LONDON Venture capital investment in European companies rebounded during the first quarter of 2008 to Euros 1.4 billion, compared with Euros 1.26 billion in the last quarter, but the picture is patchy, with cleantech investments falling substantially.
According to consultancy group Library House (Cambridge, England), with some late reporting of Q1 2008 deals still to be factored in, investment levels appear on an even stronger recovery especially in comparison to the U.S., which has seen a decline.
The first quarter 2008 level was the same as that achieved in the third quarter of last year.

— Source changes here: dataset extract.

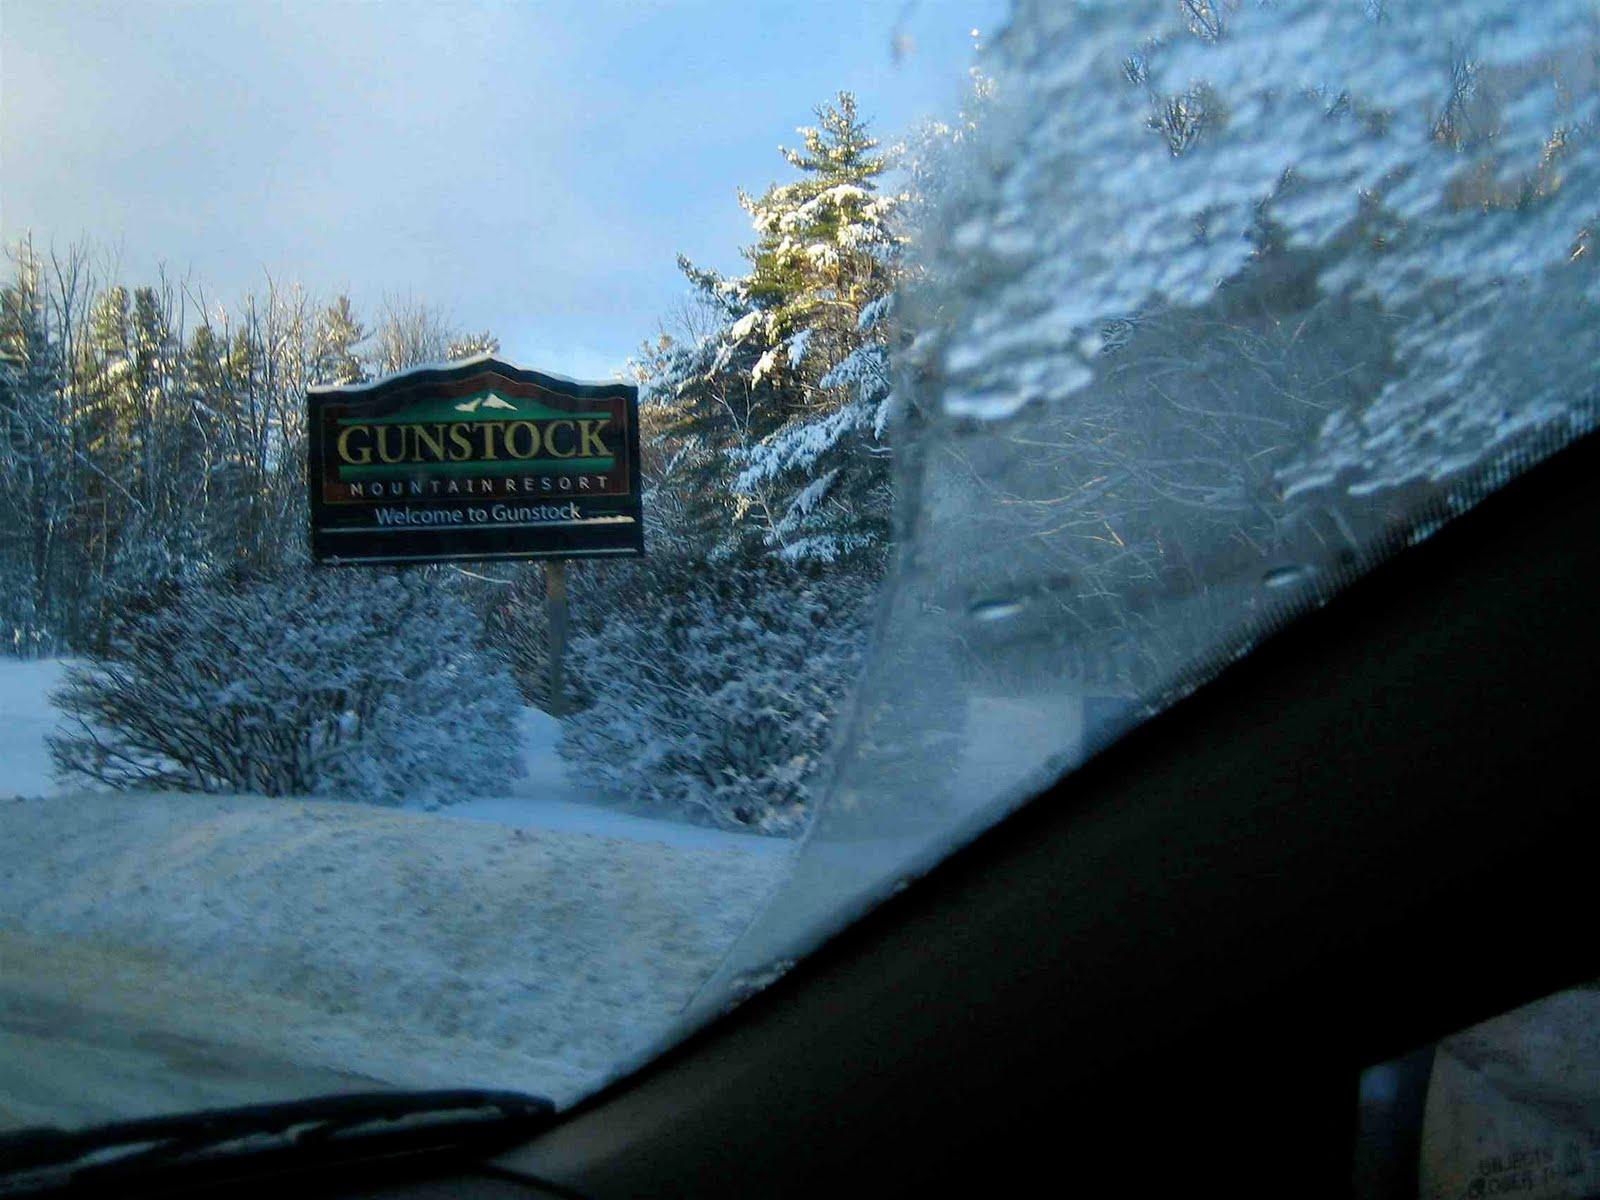 Entrance to Gunstock resort.

And while the levels of funds invested are on the up, Library House notes a slight decline in the number of deals, from 429 in Q4 2007 to 410 in Q1 2008.
The U.K. saw an 80 percent increase in VC investment in Q1 2008 from Q4 2007, and reached Euros 510 million, its highest level since the first quarter of 2006. Other countries also fared well: Investments in Israel grew by 124 percent from Euros 129 million in Q4 2007 to Euros 290 million in Q1 2008; and Sweden enjoyed a growth of 93 percent over the last quarter from Euros 34 million to Euros 68 million.
There was minimal growth in France and Germany between Q407 and the first quarter of this year. First quarter investments in France came in at Euros 172 million, and for Germany Euros 153 million.
Conversely, Ireland saw one of the largest declines over the quarter, down 84 percent and hitting its second lowest quarter since 2006 at Euros 14 million.
And the European "Cleantech" sector took a surprising decline in Q1, falling in terms of investment by half. The number of deals decreased marginally from 46 to 41 in Q1 but the value invested dropped from Euros 255 million in Q4 2007 to Euros 122 million in Q1 2008.
The most active investor in the quarter was German group High-Tech Gründerfonds Management with nine deals, and Balderton Capital, Intel Capital and Scottish Enterprise Fund in joint second with seven deals each.
Index Ventures was the top investor by syndicated amount invested in Q1 2008, taking part in three deals totaling Euros 83.9 million.
Top exit of the quarter was the sale of Sweden's MySQL to Sun Microsystems in January for Euros 675.6 million. MySQL's eponymous offering is the world's most popular open source database software.
Two communications related exits of note were the sale of Netherlands-based telecoms provider Scarlet for Euros 185 million to Belgacom, Belgium's leading telco; and the Euros 140 million acquisition of UK telecommunications software provider Apertio by Nokia Siemens Networks.